* **Data under study**:
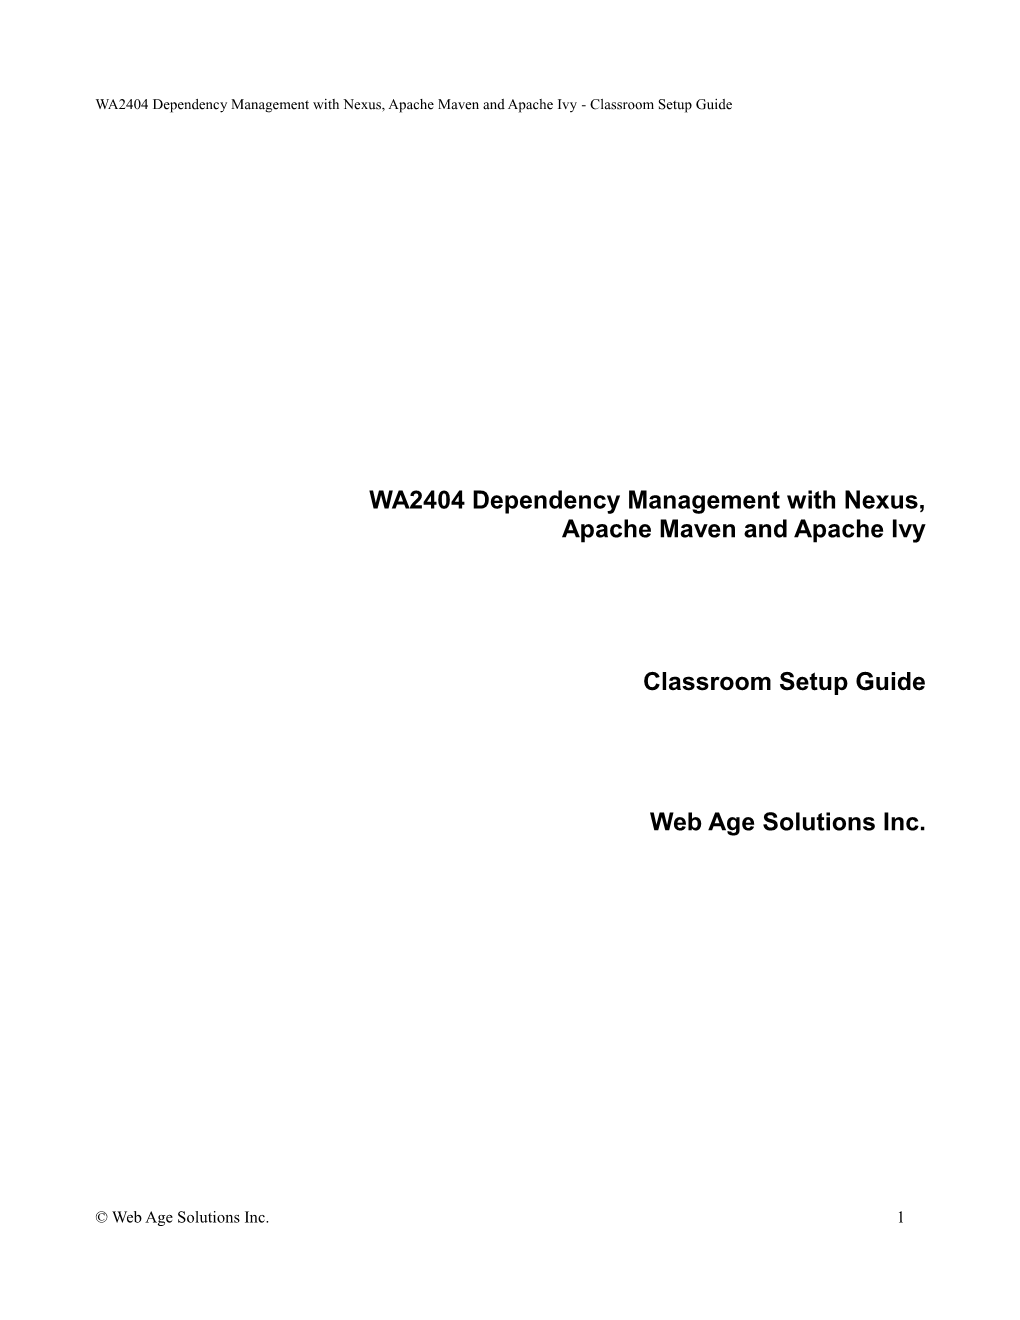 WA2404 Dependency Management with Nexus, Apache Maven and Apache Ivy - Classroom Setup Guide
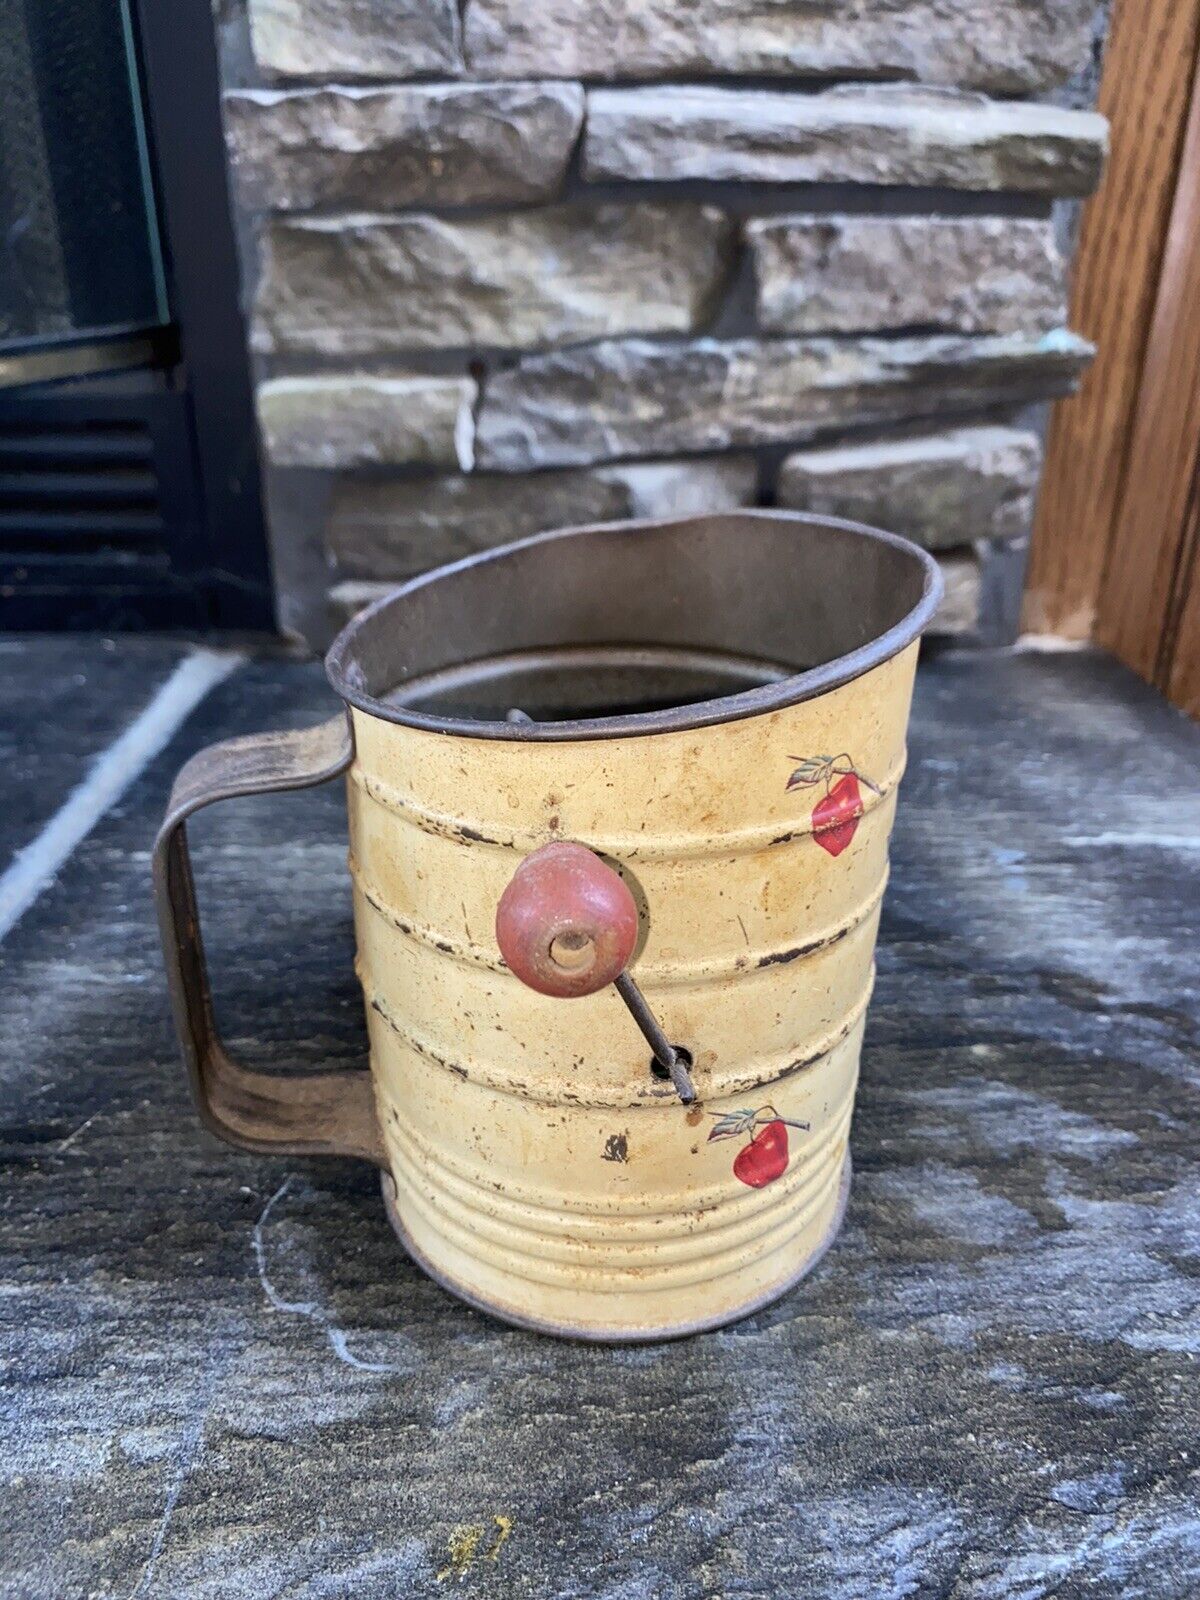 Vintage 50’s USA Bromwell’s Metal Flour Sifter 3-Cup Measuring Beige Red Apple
...
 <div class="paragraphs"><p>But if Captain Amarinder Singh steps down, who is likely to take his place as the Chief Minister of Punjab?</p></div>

* **Problem**:
To complete this exercise, transcribe exactly the lines above from the one that holds "WA2404 Dependency Management" through the one that holds "Vintage 50’s USA". Pictures stay out.

* **Your solution**:
 WA2404 Dependency Management with Nexus, Apache Maven and Apache Ivy - Classroom Setup Guide
 Vintage 50’s USA Bromwell’s Metal Flour Sifter 3-Cup Measuring Beige Red Apple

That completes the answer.